Conoclinium coelestinum is most commonly called Blue Mistflower, but it is also known as blue mistflower, blue boneset, wild ageratum. The names refer to the same species, so care instructions for Blue Mistflower apply identically to anything sold as blue boneset.
How much light does blue mistflower need?
Blue Mistflower grows best in direct sun (at least 4-6 hours). Full sun to part shade. Best flowering and sturdiest stems come in full sun; in deep shade it grows leggy and flowers sparsely. Some afternoon shade is welcome in hot southern climates.
How often should I water blue mistflower?
Water blue mistflower keep soil consistently moist; water weekly, more in heat or sandy soil. A moisture-loving plant that thrives in damp ground and tolerates short flooding. It wilts quickly in drought, so do not let the root zone dry out. Ideal for low spots, pond edges, and rain gardens. The finger-test (or lifting the pot to feel its weight) beats a fixed weekly calendar because pot size, light, and season all change how fast the soil dries.

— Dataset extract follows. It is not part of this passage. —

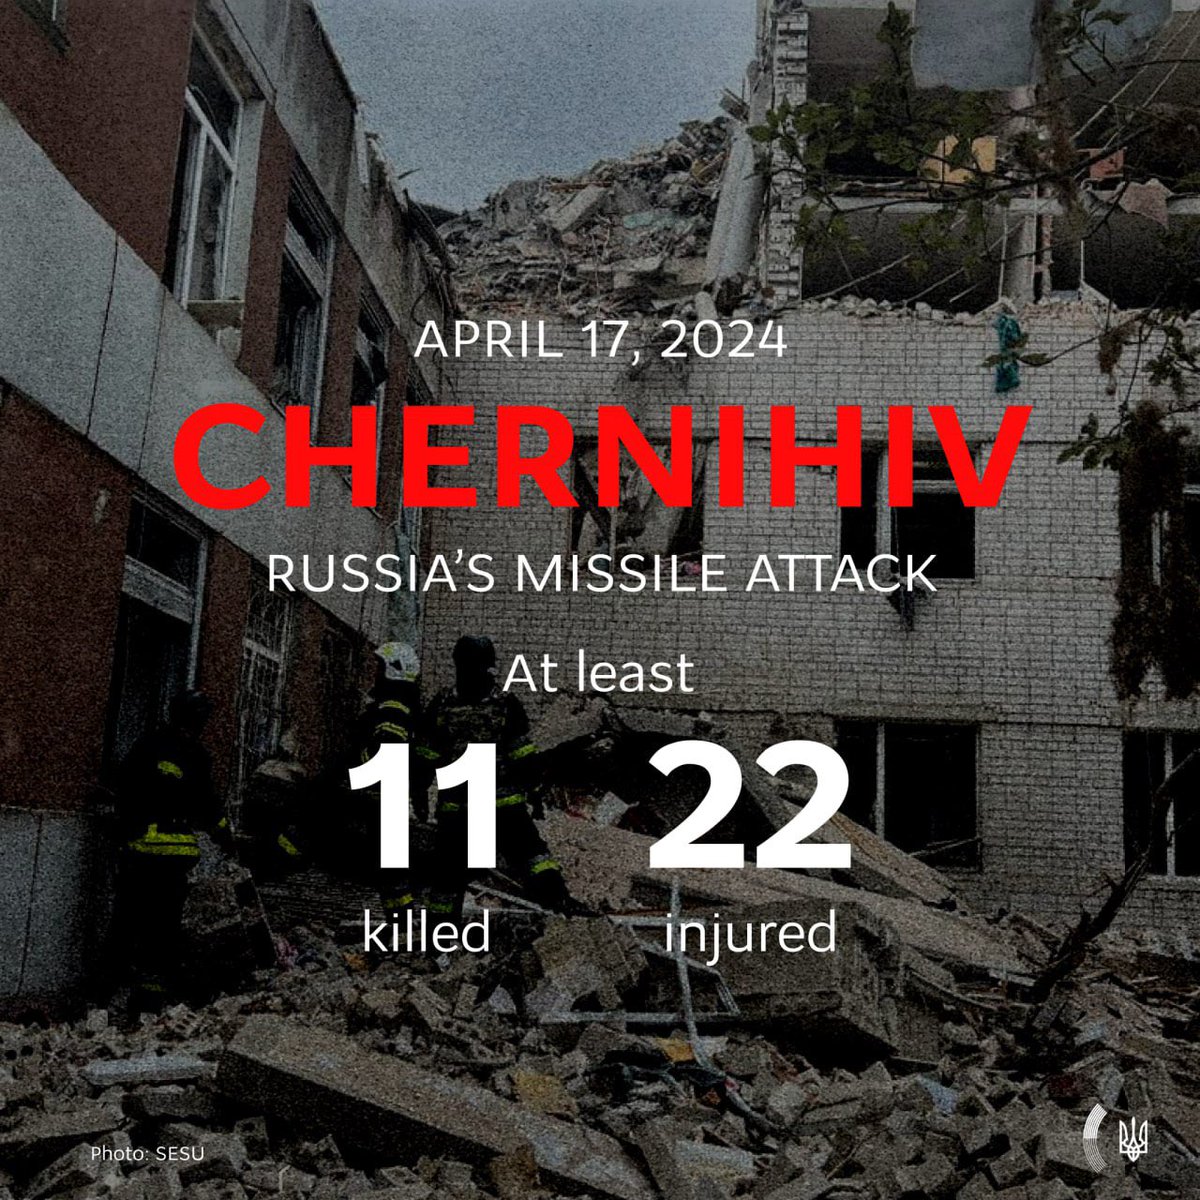 Russia attacked almost the very center of #Chernihiv. The missile strike took the lives of at least 11 civilians, 22 more were injured. Ukraine urgently needs more Patriot systems. Russia’s terror knows no stop, but we can prevent deaths of people. #PatriotsSaveLives

Is blue mistflower toxic to cats and dogs?
Blue Mistflower is mildly toxic to pets. Conoclinium coelestinum is not individually listed by the ASPCA; treat with caution and verify with a vet before assuming it is safe. As an Asteraceae member it is not known to be seriously poisonous, but ingestion of unlisted plants can still cause gastrointestinal upset, so discourage pets from grazing on it.
What USDA hardiness zone does blue mistflower grow in?
Blue Mistflower is rated for USDA zone 5-10 and RHS hardiness H5. Outside that range, grow it as a container plant that overwinters indoors before the first hard frost.
Blue Mistflower deep-dive guides
Every aspect of blue mistflower care, each with its own calibrated guide:
- Blue Mistflower watering schedule
- Blue Mistflower light requirements
- Best soil mix for blue mistflower
- Blue Mistflower fertilizing guide
- When to repot blue mistflower
- How to propagate blue mistflower
- Blue Mistflower growth rate & size
- Blue Mistflower cold hardiness
- Blue Mistflower temperature & humidity
- Is blue mistflower toxic to cats & dogs?
- Is blue mistflower toxic to cats?
- Is blue mistflower toxic to dogs?
- Getting blue mistflower to bloom
Featured in these plant shortlists
Blue Mistflower qualifies for 5 curated Growli shortlists — each one filtered objectively from our structured plant-care library, so the selection is consistent and checkable:
- Best drought-tolerant houseplants — Houseplants that prefer to dry out — forgiving of forgotten watering and ideal for travel or busy weeks.
- Best flowering houseplants — Indoor plants grown for their blooms — selected from the flowering species in Growli’s plant-care library.
- Best houseplants for full sun — Houseplants that want direct sun — the species for a hot south or west-facing windowsill where shade-lovers scorch.
- Best houseplants for a cool room — Houseplants that tolerate cool conditions down to about 10°C — for an unheated spare room, hallway, porch or a home kept cool.
- Best fast-growing houseplants — Houseplants documented as fast or vigorous growers — quick to fill a pot, cover a pole or trail down a shelf.
- Browse all 29 plant shortlists — pet-safe, low-light, drought-tolerant and more
Related guides
Blue Mistflower is also known as blue mistflower, blue boneset, and wild ageratum.